**The problem:** When you transcribe the lines below, keep every word the same and leave the pictures behind.

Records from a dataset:
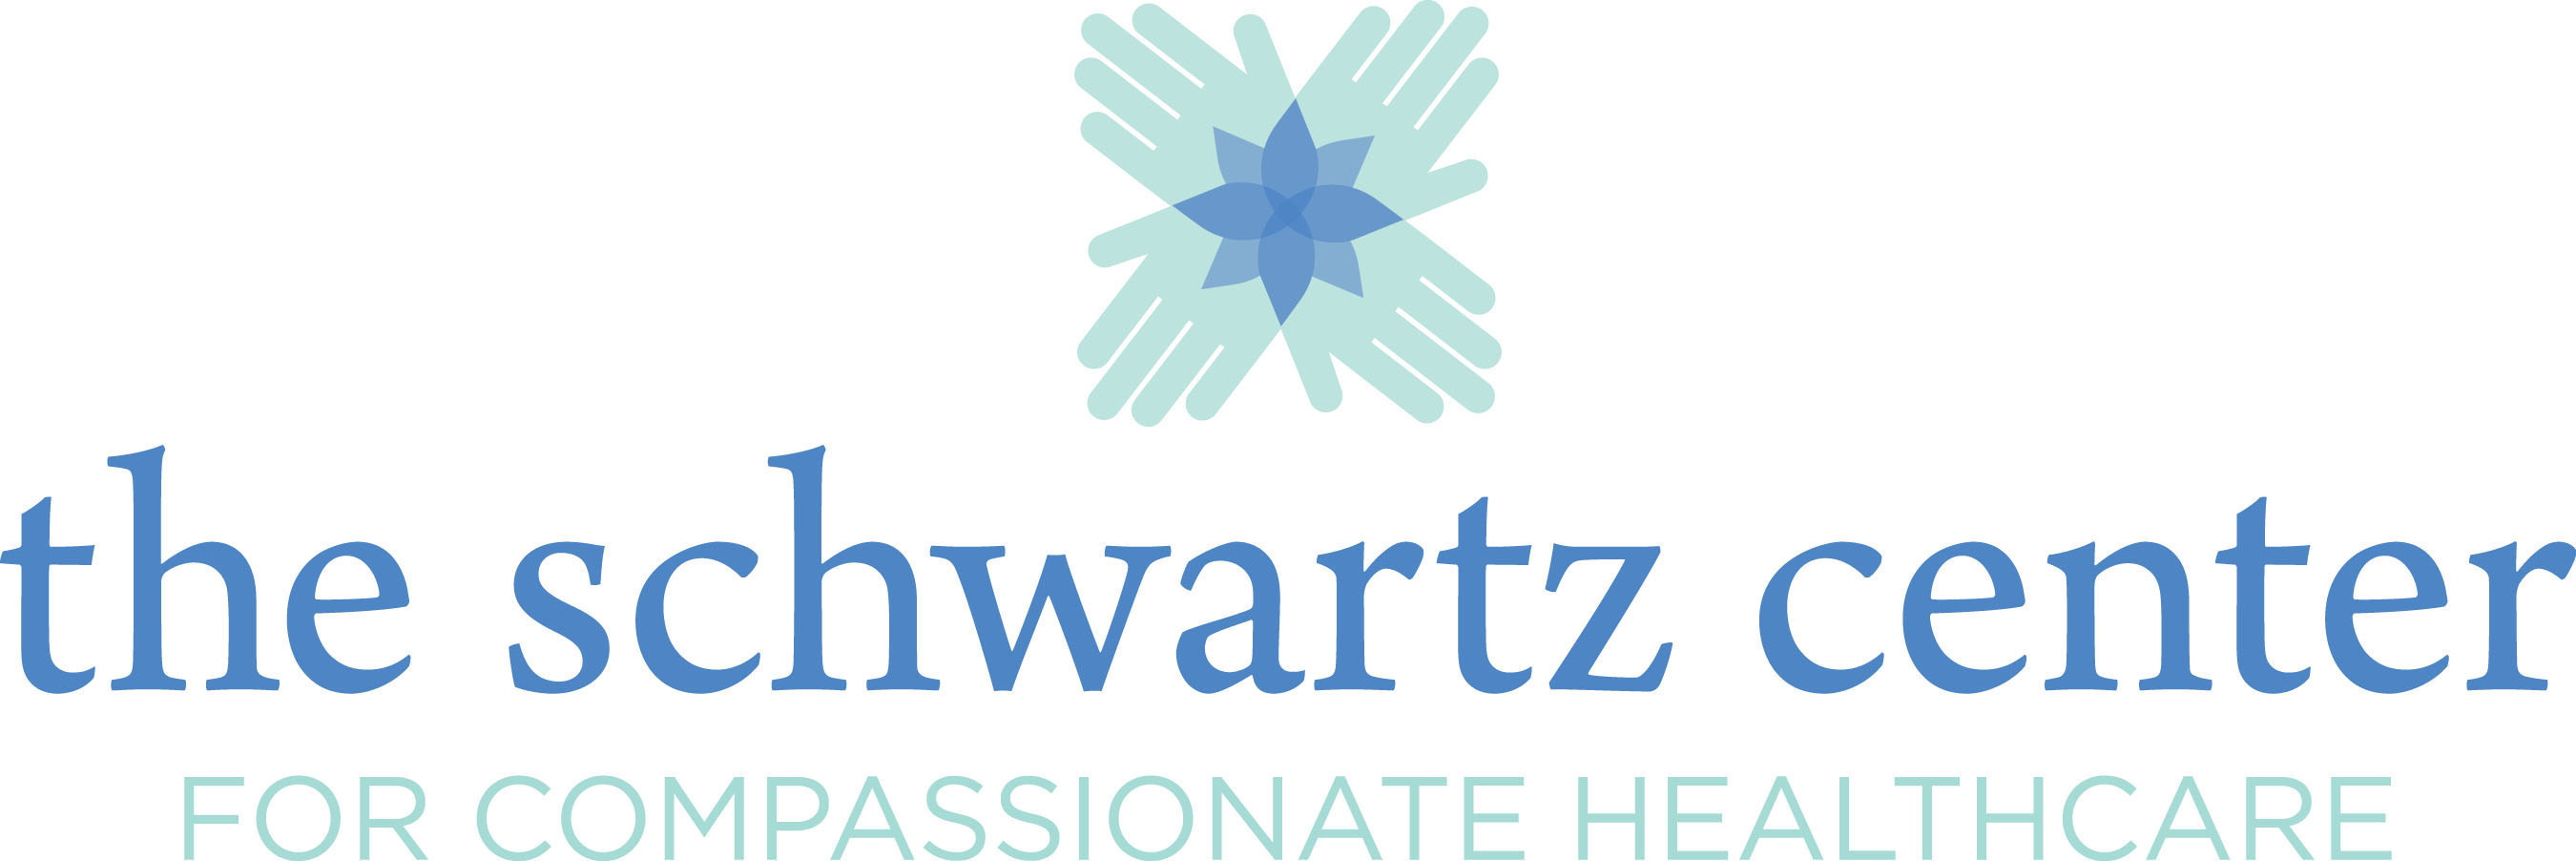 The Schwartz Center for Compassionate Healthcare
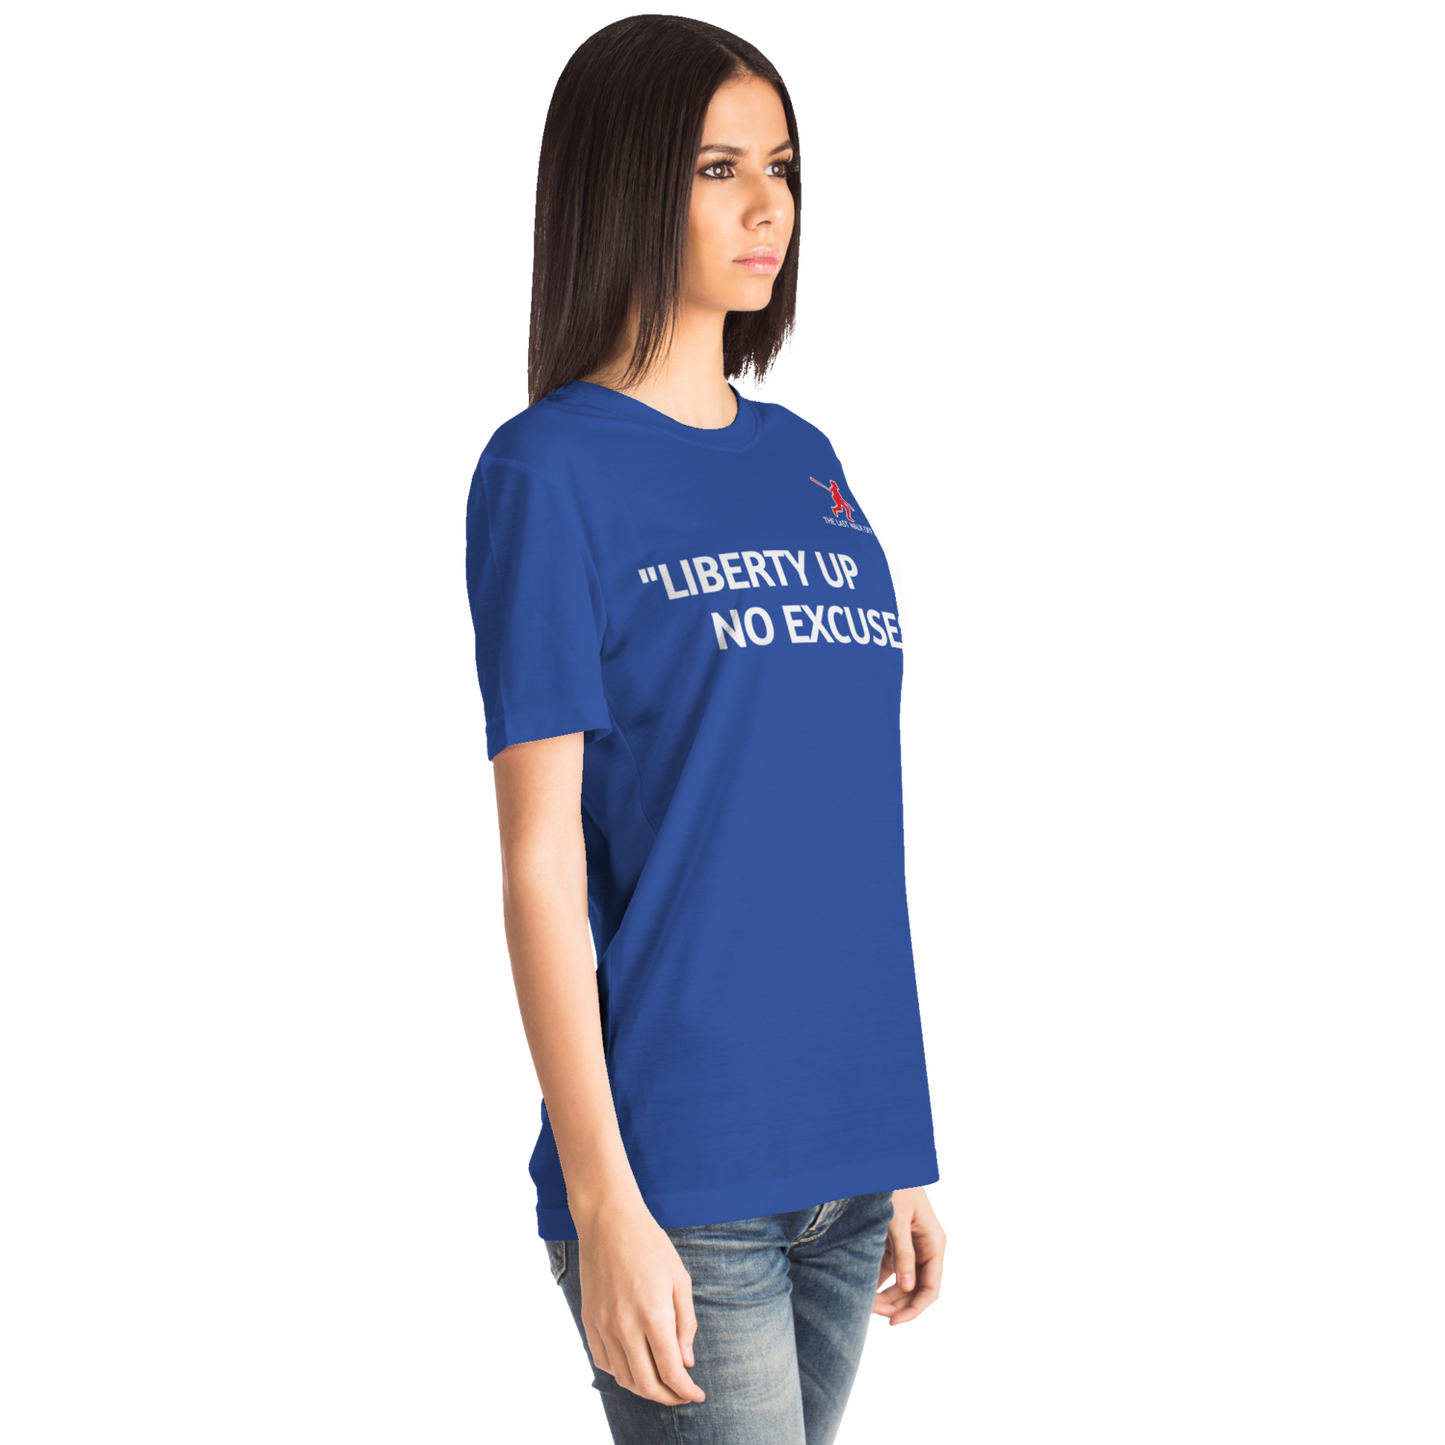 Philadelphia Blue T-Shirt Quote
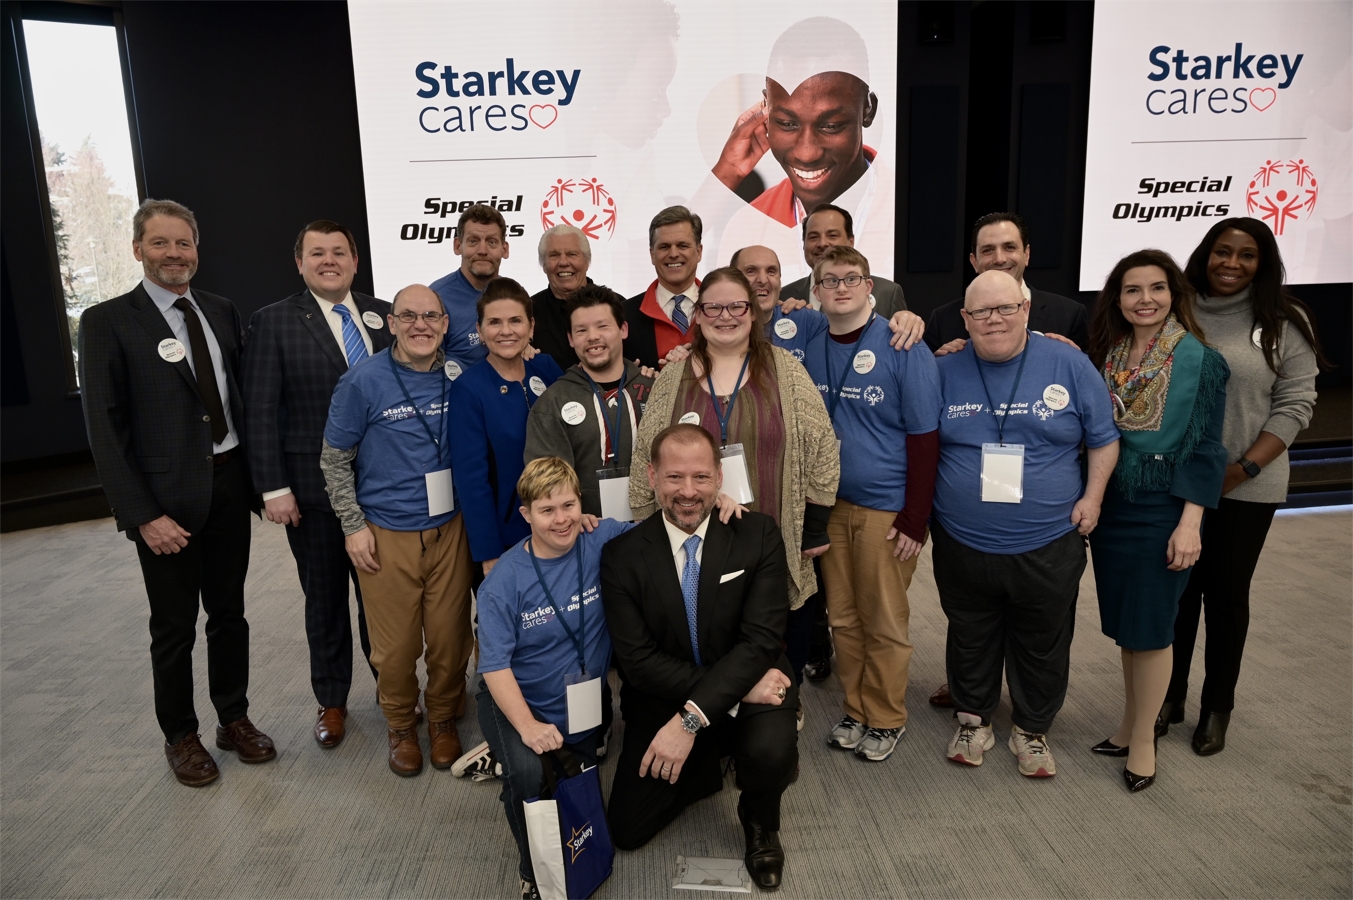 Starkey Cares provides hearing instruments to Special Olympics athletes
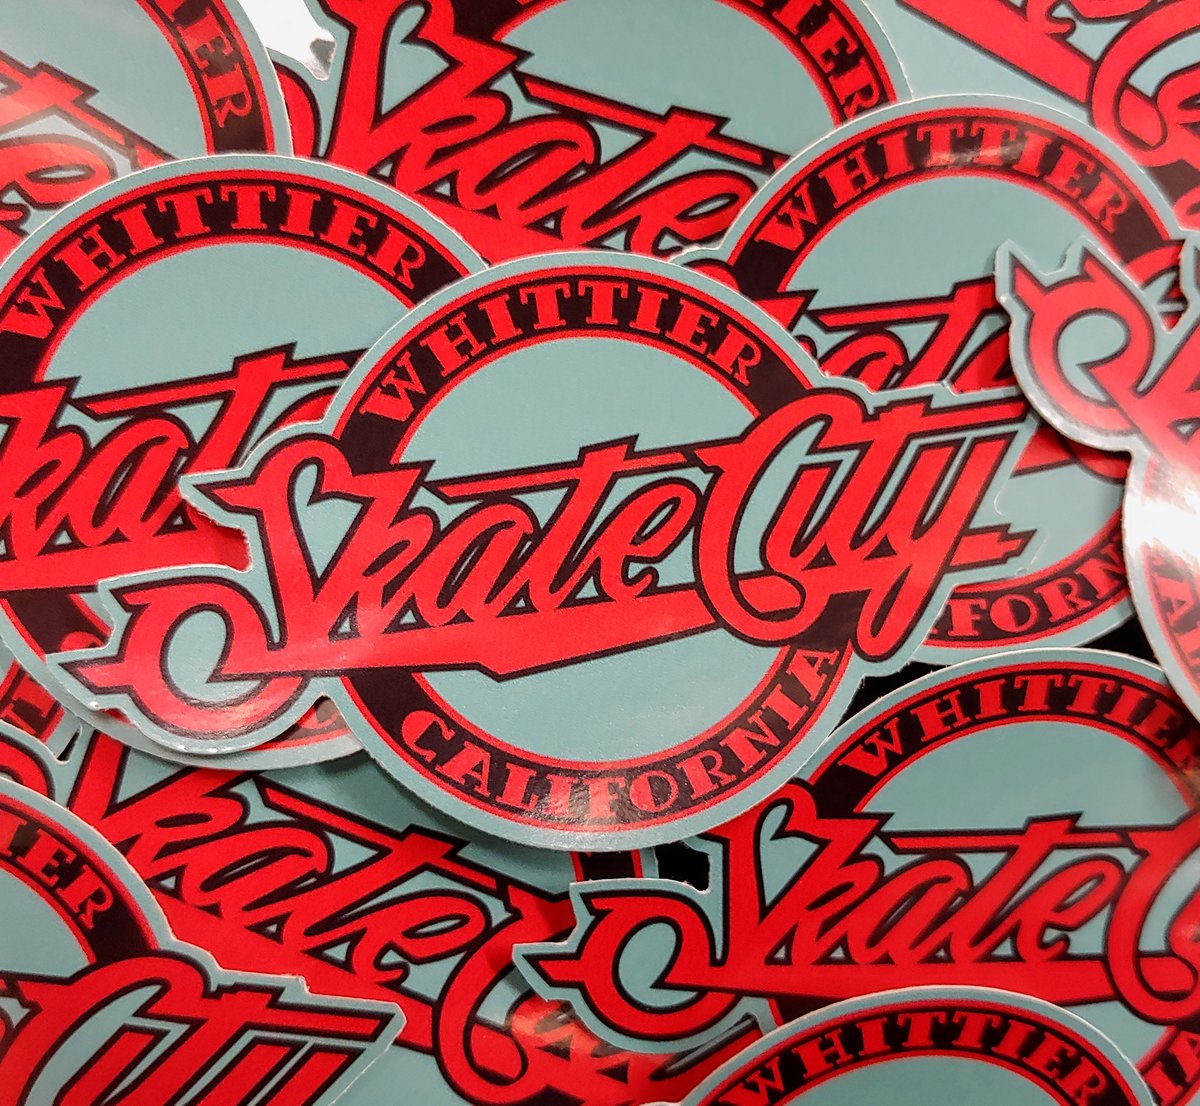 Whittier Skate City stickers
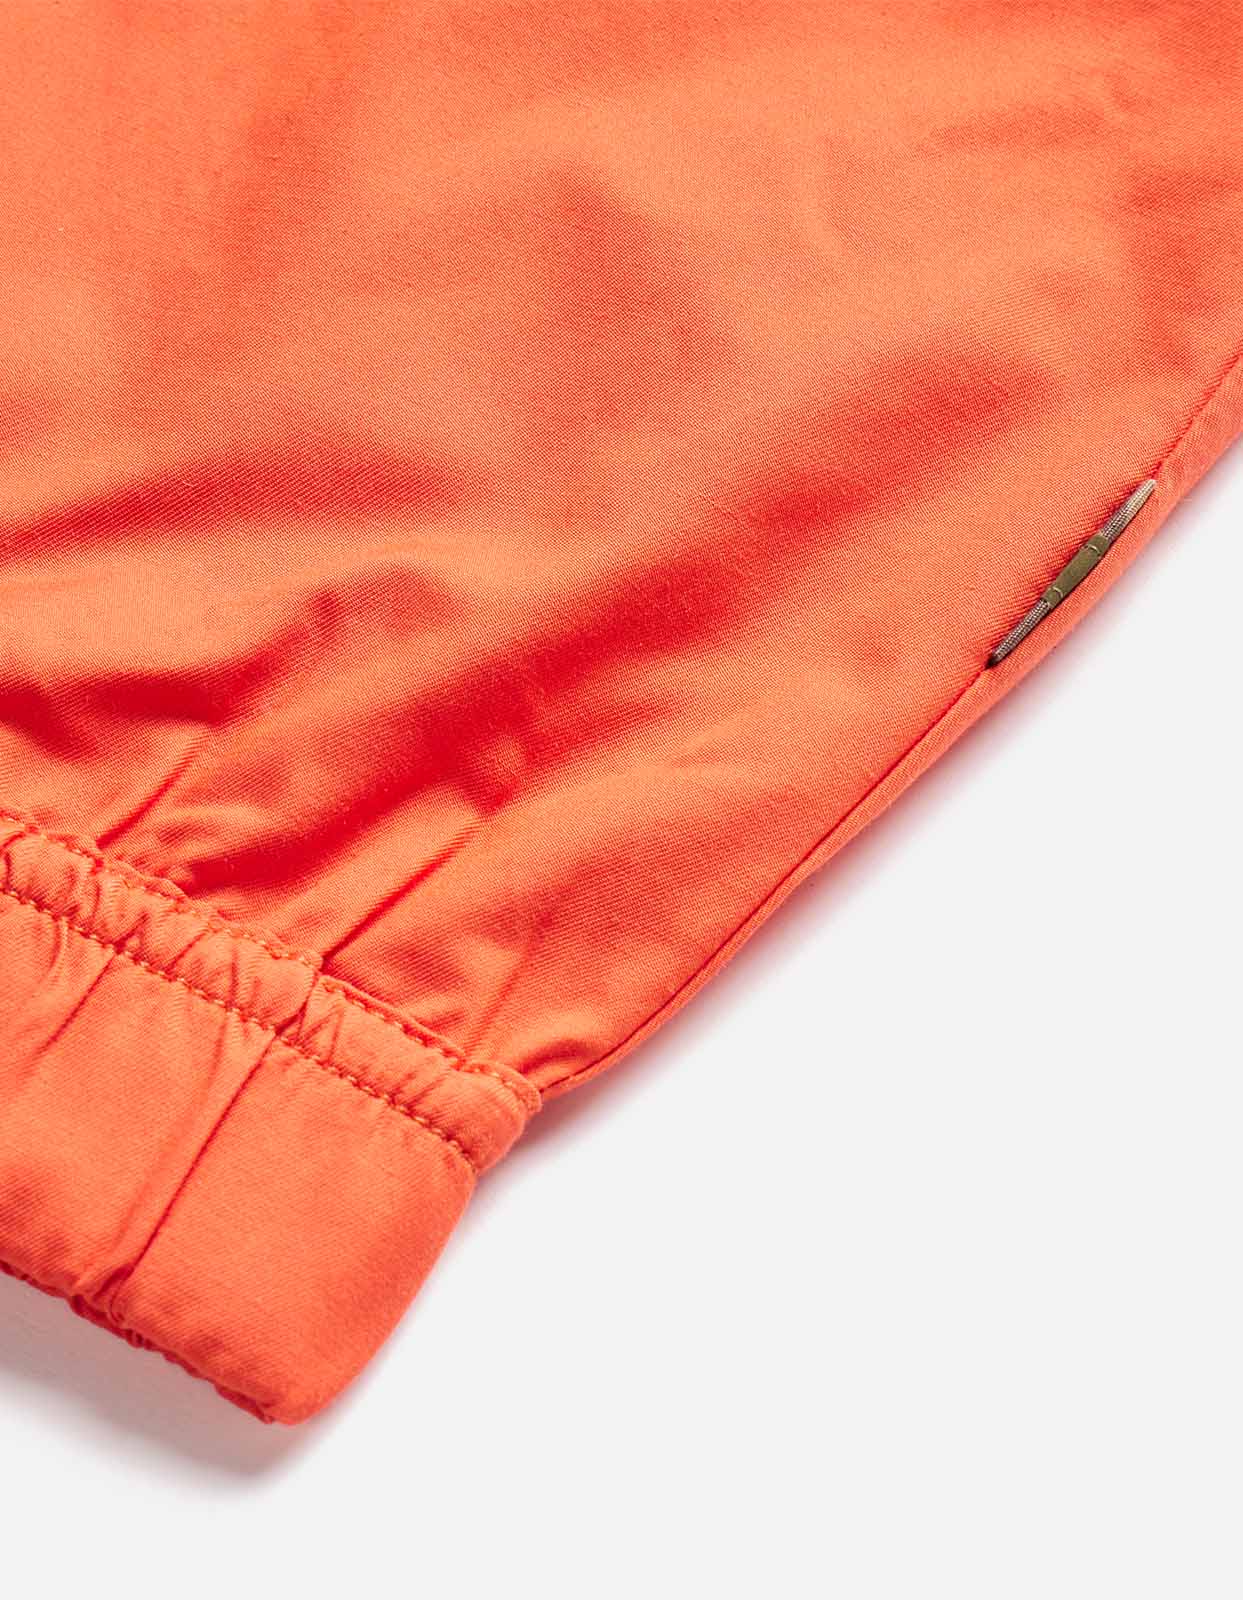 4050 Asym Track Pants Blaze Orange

**Task answer:**
 The Schwartz Center for Compassionate Healthcare
 Philadelphia Blue T-Shirt Quote
 Starkey Cares provides hearing instruments to Special Olympics athletes
 Whittier Skate City stickers
 4050 Asym Track Pants Blaze Orange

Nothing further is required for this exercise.